By dep rules no grooved joints are allow with in the meter set. So if the DCDA your installing has a 3/4 bypass meter that is considered the "meter set". Need to know more info to help you. I have installed many in NYC and have dep code/rule book in my office can send u info if u like


----------



## newyorkcity (Nov 25, 2010)

Great. Exactly the answer I was looking for. I am going over the DEP water rules now.
Installing a 3" watts 709. Fire service only, no pumps or tanks. 3 story mix use building.
Which fittings do you use for this? Threaded would be easiest.


----------



## Lmp (Oct 17, 2011)

The 709 comes with a 3/4 bypass meter,that is the meter set. Meaning the 3" fire line can by grooved, threaded etc. also remember you have drill 3/32 holes for the dep seal. There may be more things you have to do but I will need more info about existing fire line.


----------



## newyorkcity (Nov 25, 2010)

The existing fire line is 3" grooved. Simple wet sprinkler only system. What other info? 
Also, can you send the DEP meter setting section? Thanks a lot.


----------



## Lmp (Oct 17, 2011)

Is there a existing check valve, test tee , meter etc. I will pm you tomorrow


----------



## newyorkcity (Nov 25, 2010)

Yes, existing single check with 3/4" bypass meter. No test tee.


----------



## newyorkcity (Nov 25, 2010)

I went to the DEP office yesterday to pull the meter permit and asked the chief what the rule is. He said that grooved fittings before the meter set is a grey area, and he had a meeting with the other inspectors about it. His advice was since there was 3 fittings and <5' of pipe to do it grooved. I just installed threaded pipe and flanges, prefabbed in the shop. Thanks for the heads up, Lmp. Reach out to me if I can be of assistance.


----------



## BROOKLYN\PLUMB (May 21, 2010)

newyorkcity said:


> I went to the DEP office yesterday to pull the meter permit and asked the chief what the rule is. He said that grooved fittings before the meter set is a grey area, and he had a meeting with the other inspectors about it. His advice was since there was 3 fittings and <5' of pipe to do it grooved. I just installed threaded pipe and flanges, prefabbed in the shop. Thanks for the heads up, Lmp. Reach out to me if I can be of assistance.



Doesn't the dcda have as it's inlet valve flanged on one side (inlet) and vic connecting before meter? 

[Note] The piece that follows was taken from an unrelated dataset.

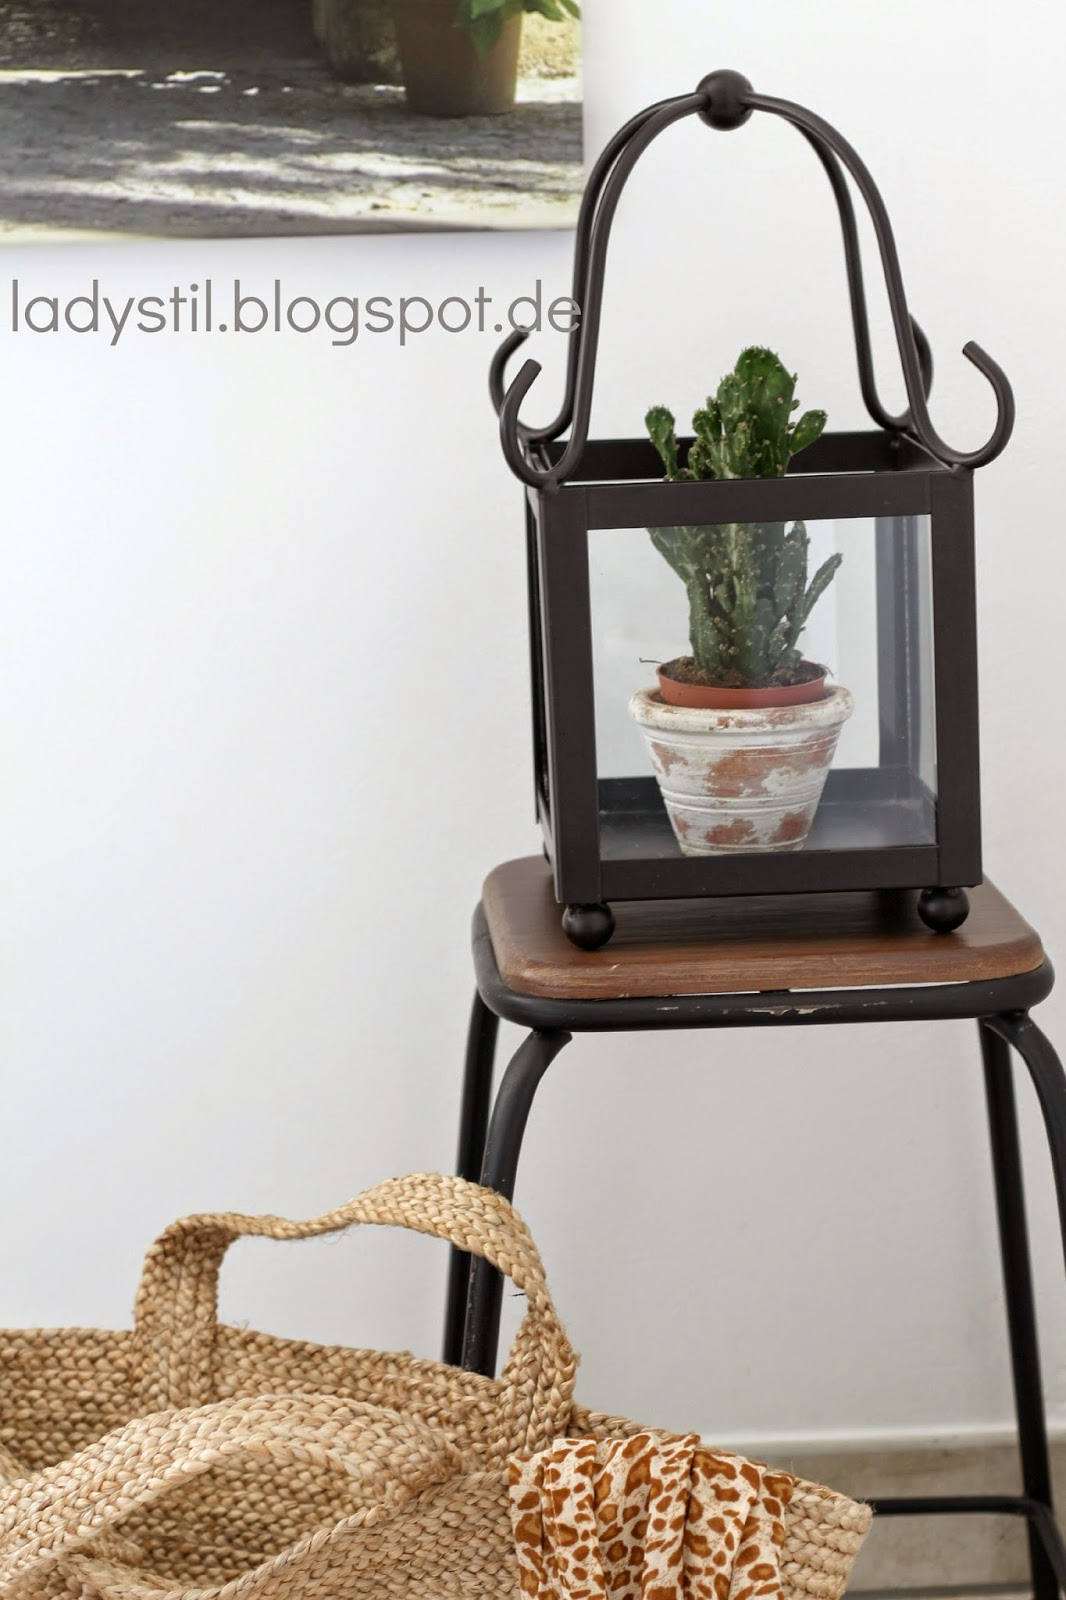 Kaktus in einem Glas auf Hocker
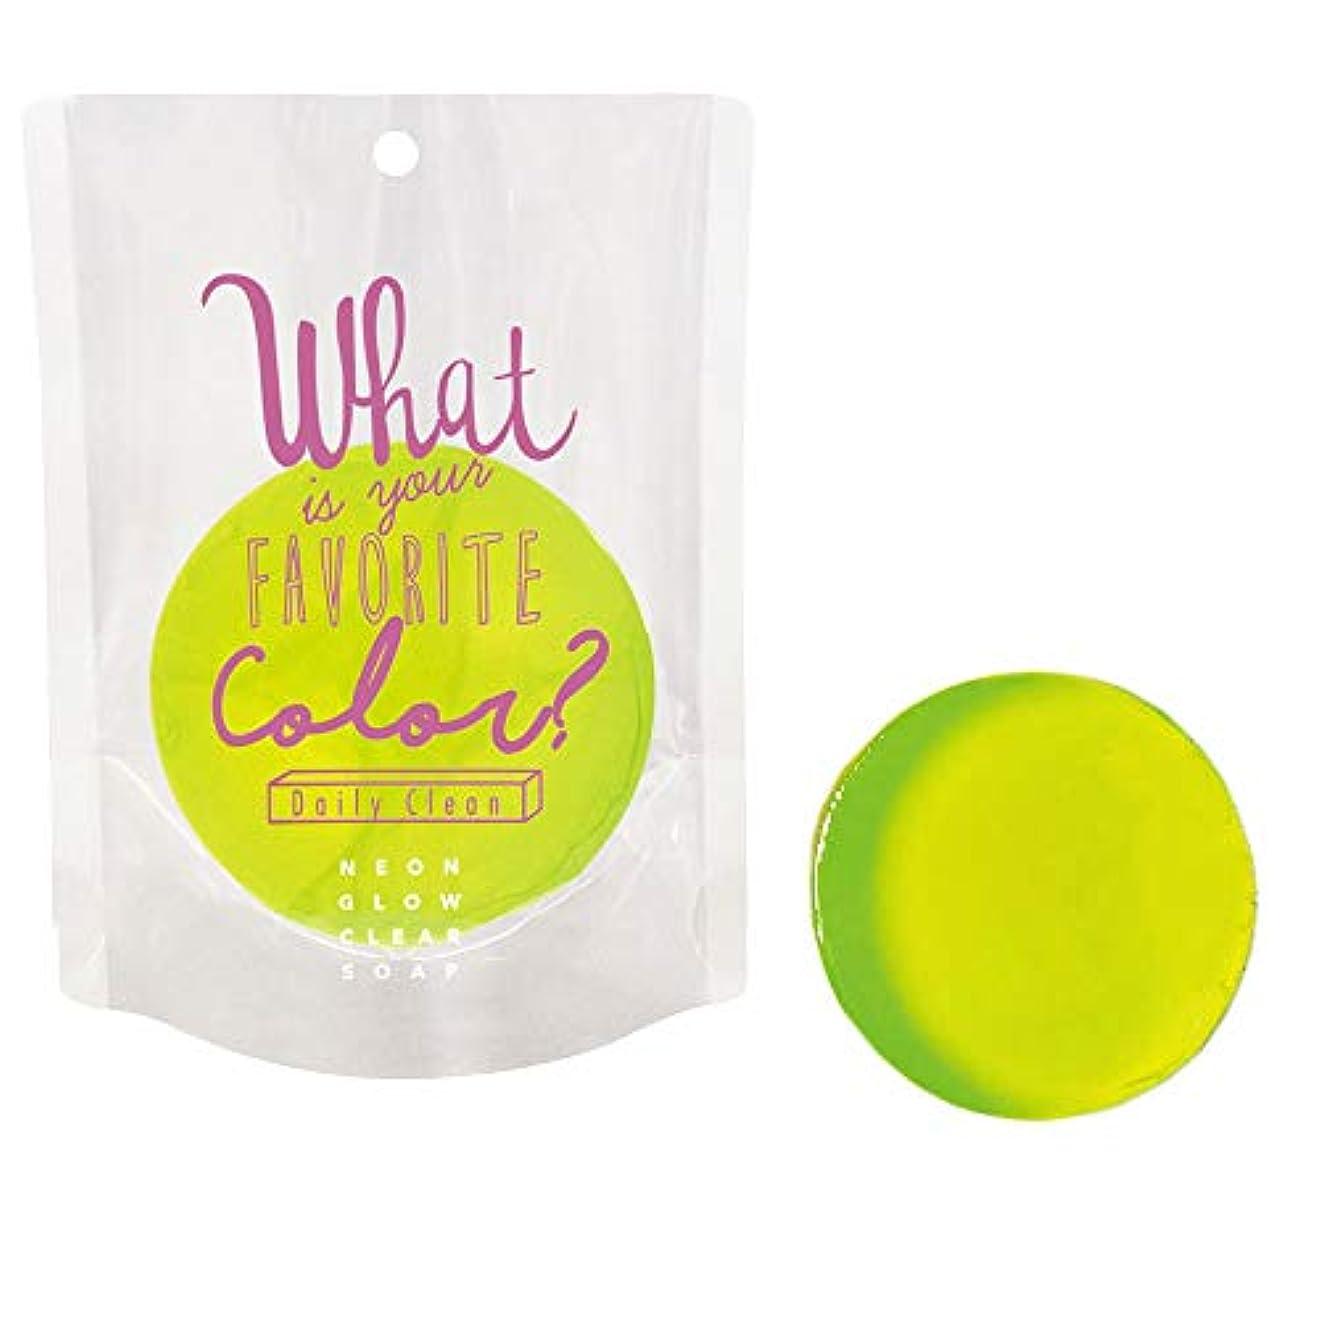 翻訳する賠償遊びますネオングロークリアソープ ob-ngw-2-1-4(02/パパイヤ) Neon Glow Clear Soap 石鹸 ノルコーポレーション 固形 せっけん カラフル 香り 清潔 ギフト プレゼント

That's why it's a grey area also a violation that I've gotten was the test tee built into the bypass meter setup is located before the meter And its supposed to be after (dep is a pain and each borough is different as well as each inspector


----------



## newyorkcity (Nov 25, 2010)

The DCDA I purchased from Bruce is flange x flange. A pic is attached. I know the "S" trap is no good. I will vent the funnel drain although it will be tough. Needed a drain in case the relief discharges.
I like doing jobs for the military. I was laughed at once when I asked if we need permits to work on the gas at an army base. I was told "this is the army-we don't need permits. Do you really think we will let an inspector in here?"
Feel free to correct me on any problems here.


----------



## Lmp (Oct 17, 2011)

I can't see the pic


----------



## bml (Feb 8, 2011)

Is this a new DCDA, or a replacement of an existing? Have hydraulic calculations been performed to make sure the system can supply the necessary water in a fire condition with the additional friction loss through the DCDA?


----------



## newyorkcity (Nov 25, 2010)

Of course hydraulic calculations have been made. I hold licenses in plumbing and fire sprinklers. I paid a PE to provide plans which were reviewed and approved by DEP. I also pulled a permit for the BFP install, and a permit for the water meter install. That is three separate approvals followed by two backflow tests, one on the 3" and one on the 3/4" bypass, to be submitted on the GEN 215 form. This device replaces a single check valve.


----------



## bml (Feb 8, 2011)

newyorkcity said:


> Of course hydraulic calculations have been made. I hold licenses in plumbing and fire sprinklers. I paid a PE to provide plans which were reviewed and approved by DEP. I also pulled a permit for the BFP install, and a permit for the water meter install. That is three separate approvals followed by two backflow tests, one on the 3" and one on the 3/4" bypass, to be submitted on the GEN 215 form. This device replaces a single check valve.



:thumbsup:


----------



## newyorkcity (Nov 25, 2010)

That being said, I am here to learn. I have 20 years of "trial by fire" experience in the plumbing business. I have a nice sprinkler job coming up which I could use some real life experience tips. I study NFPA 13 every chance I get. I would like to read your input on tips to handle an upgrade on an occupied building with drop ceilings. Do you use flexible connectors?


----------



## bml (Feb 8, 2011)

newyorkcity said:


> That being said, I am here to learn. I have 20 years of "trial by fire" experience in the plumbing business. I have a nice sprinkler job coming up which I could use some real life experience tips. I study NFPA 13 every chance I get. I would like to read your input on tips to handle an upgrade on an occupied building with drop ceilings. Do you use flexible connectors?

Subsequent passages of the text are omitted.